What the task requires:
Give back the full listing verbatim, apart from its images.

Data section:
>>>
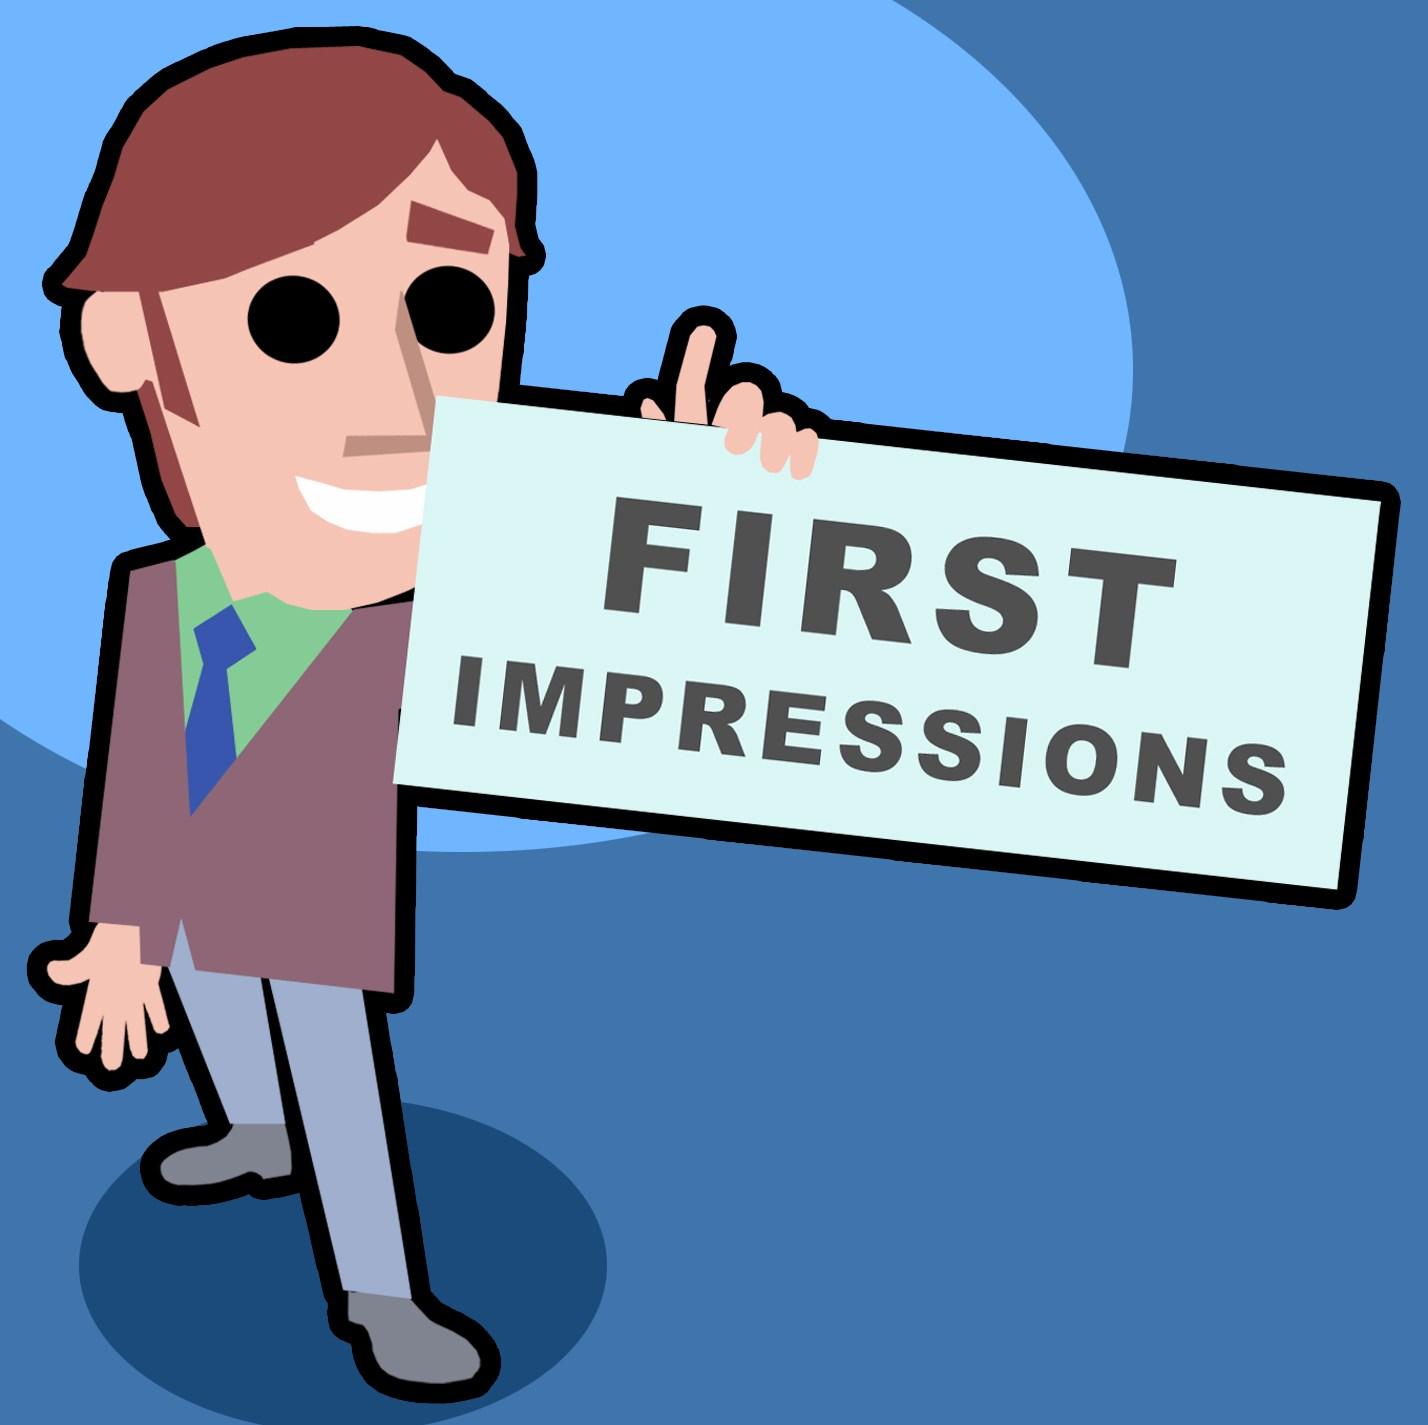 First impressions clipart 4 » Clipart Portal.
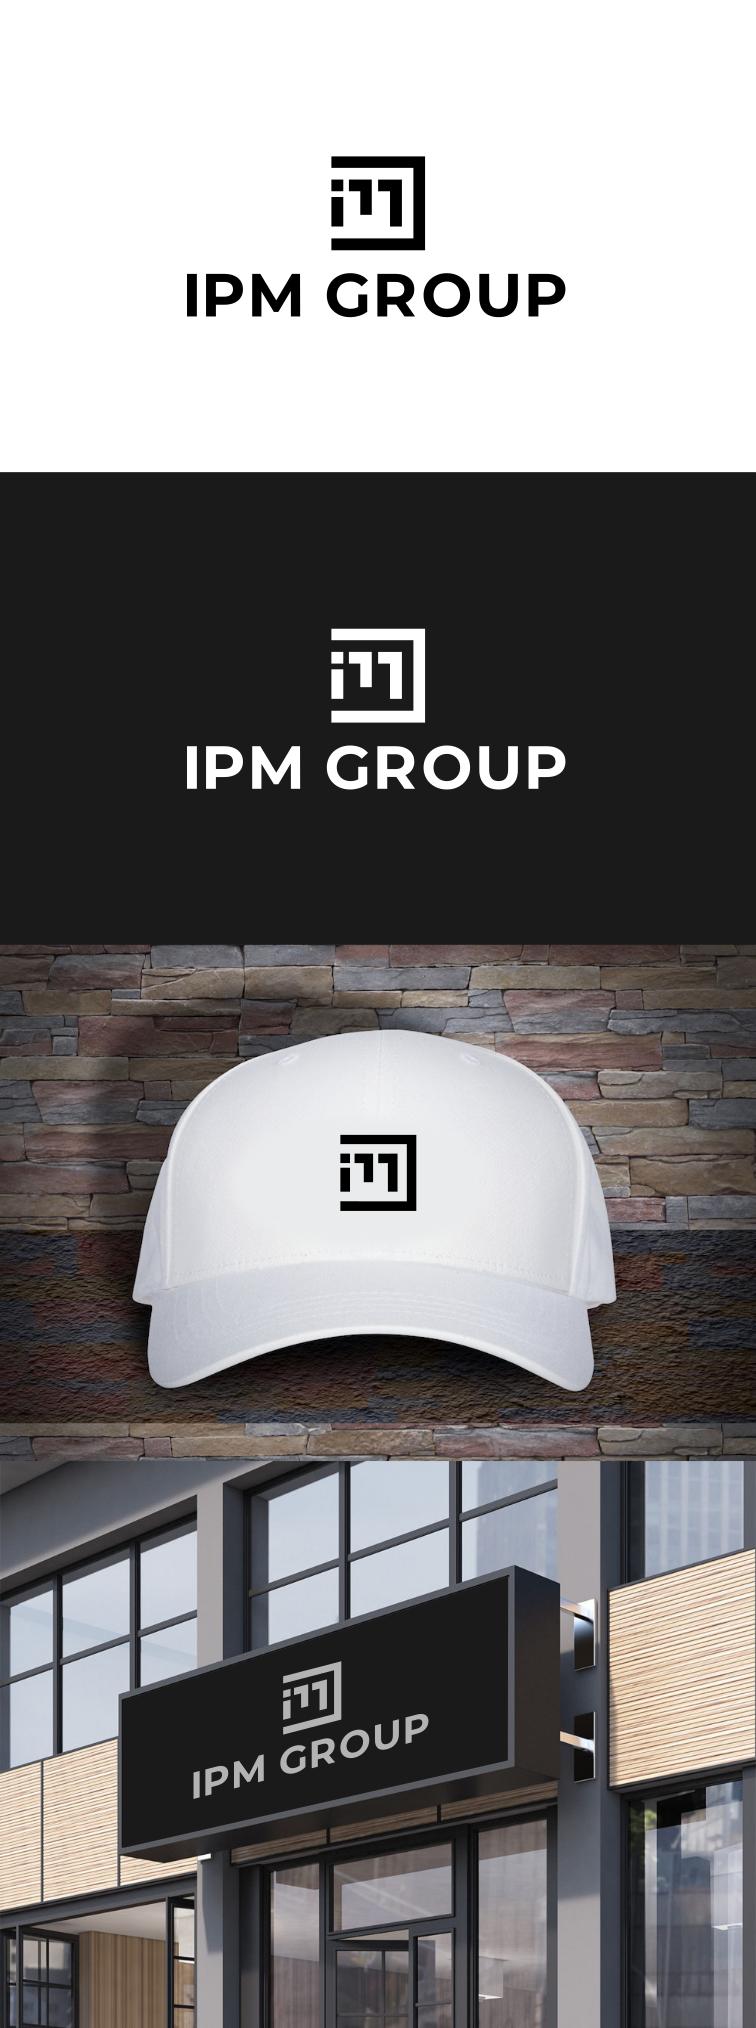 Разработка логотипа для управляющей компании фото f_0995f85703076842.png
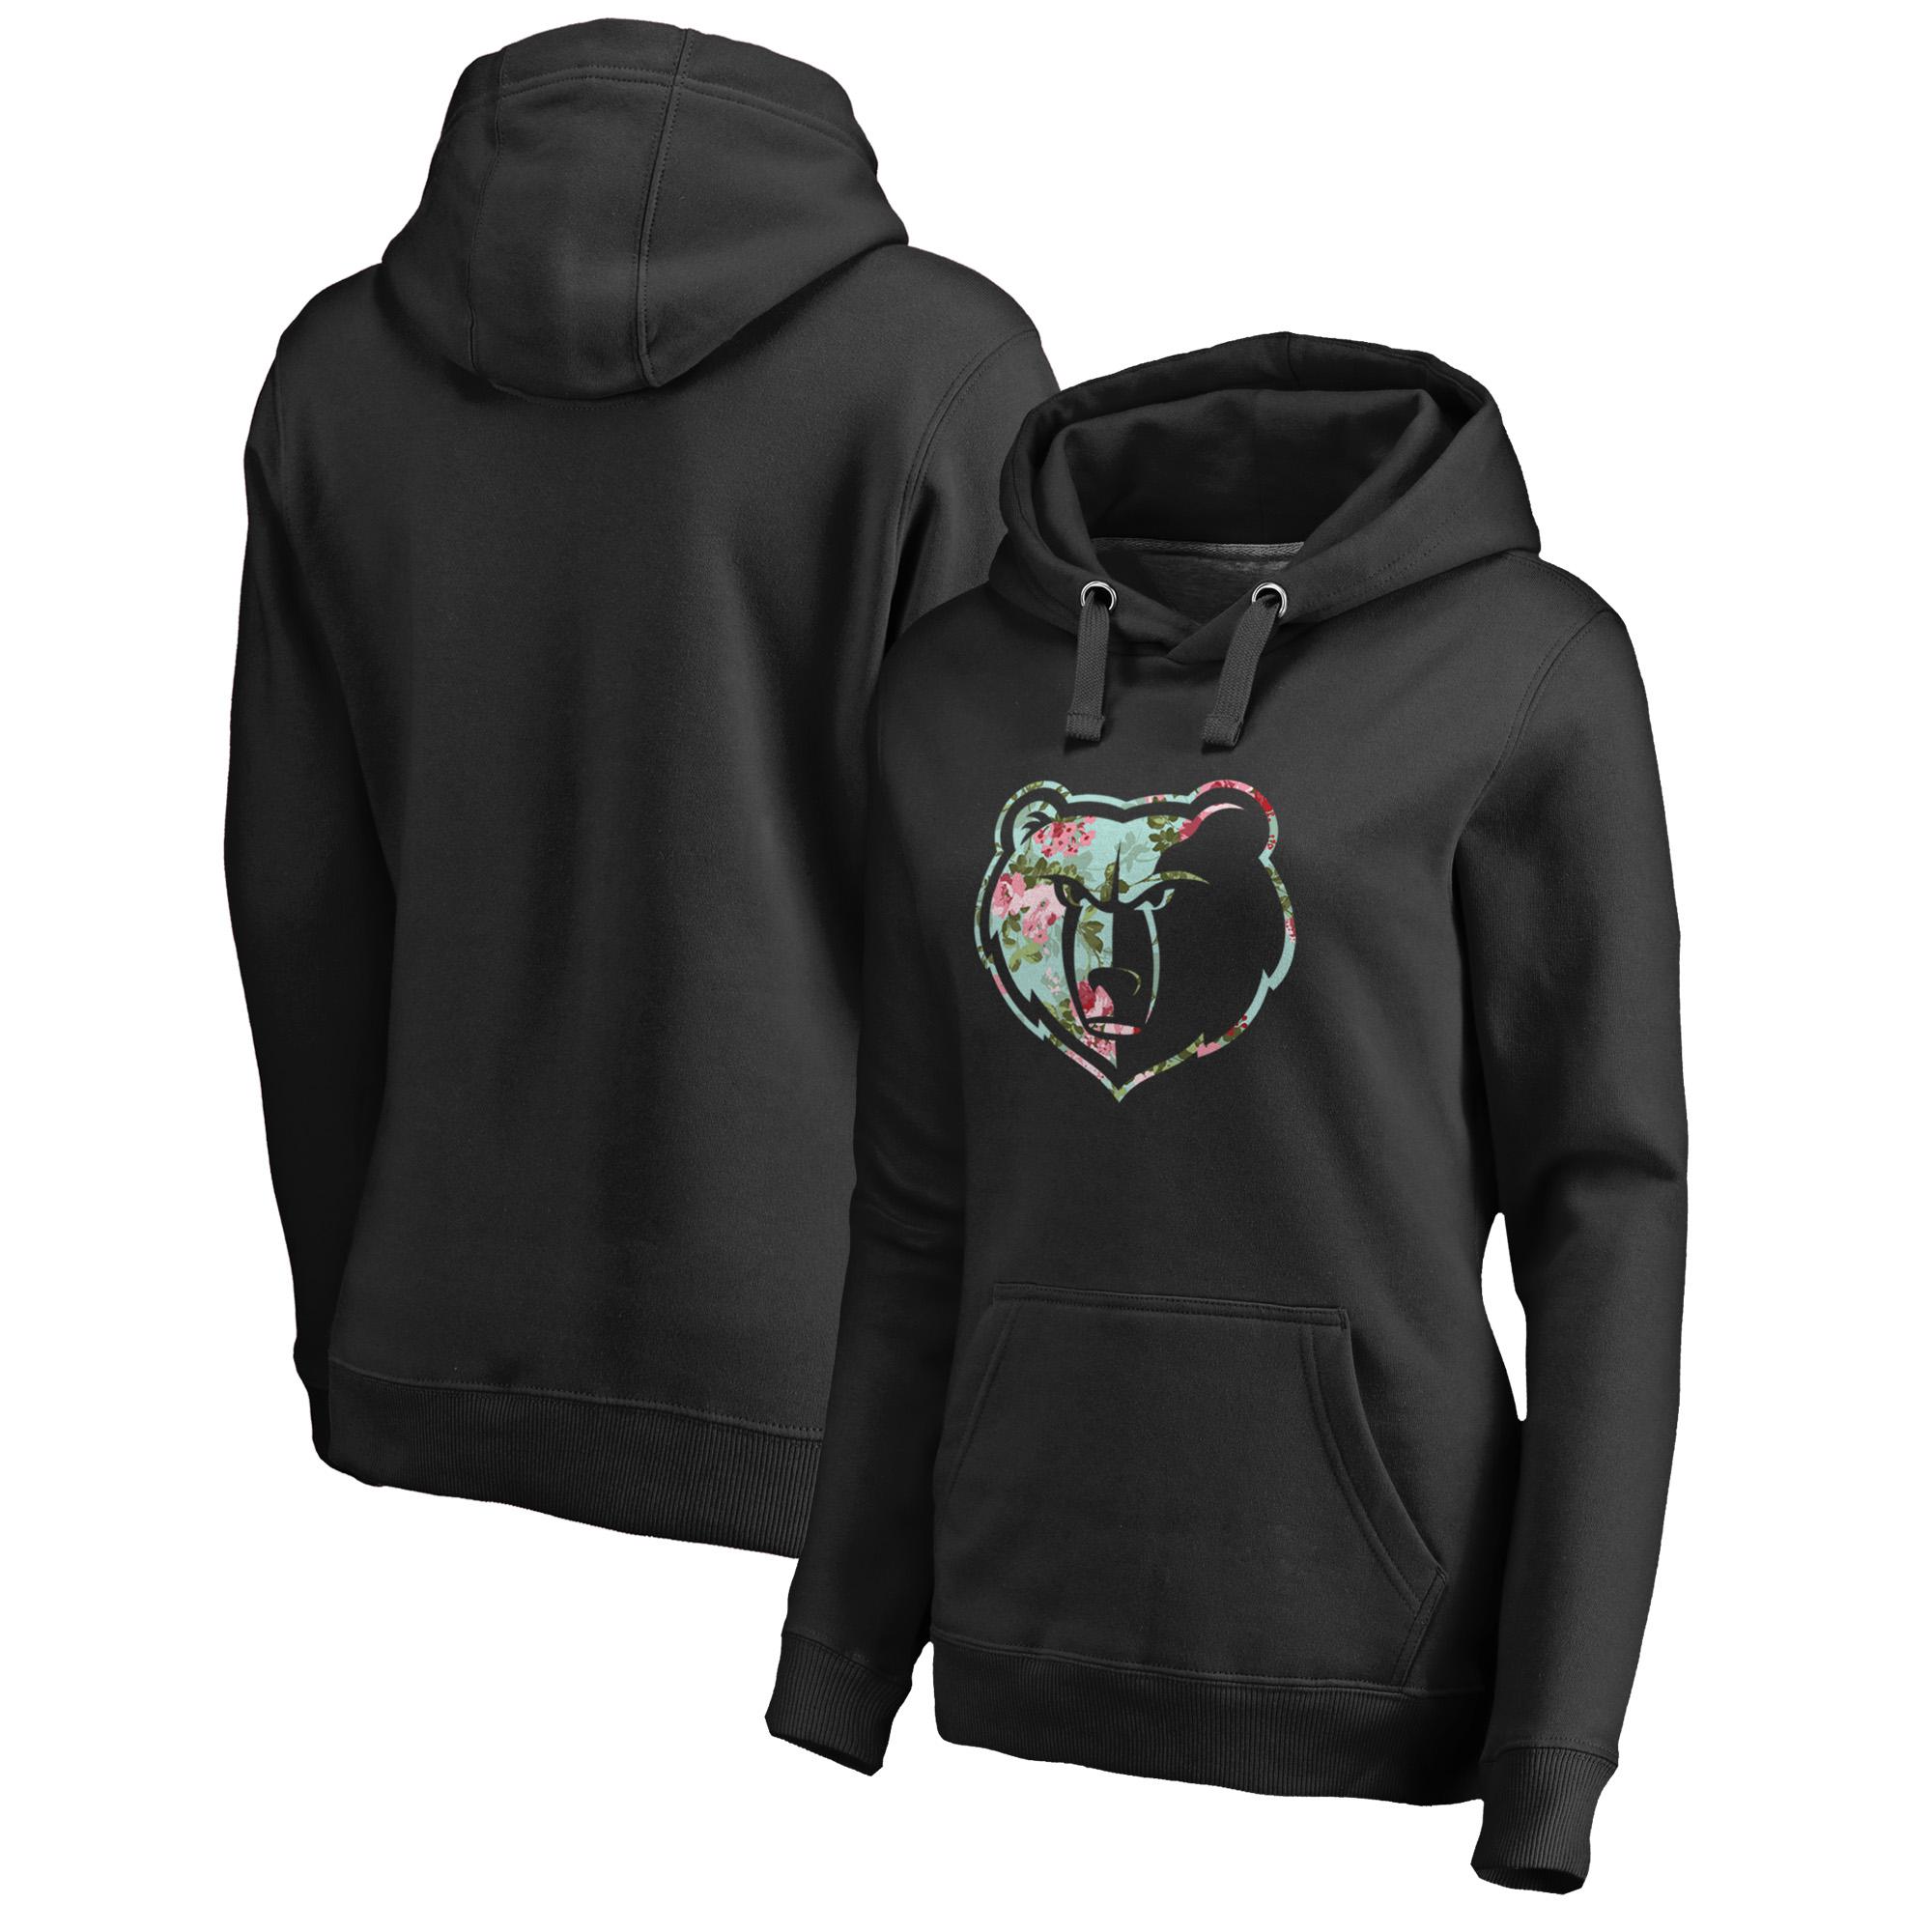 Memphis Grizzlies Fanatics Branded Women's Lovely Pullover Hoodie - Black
<<<
Written response:
 First impressions clipart 4 » Clipart Portal.
 Разработка логотипа для управляющей компании фото f_0995f85703076842.png
 Memphis Grizzlies Fanatics Branded Women's Lovely Pullover Hoodie - Black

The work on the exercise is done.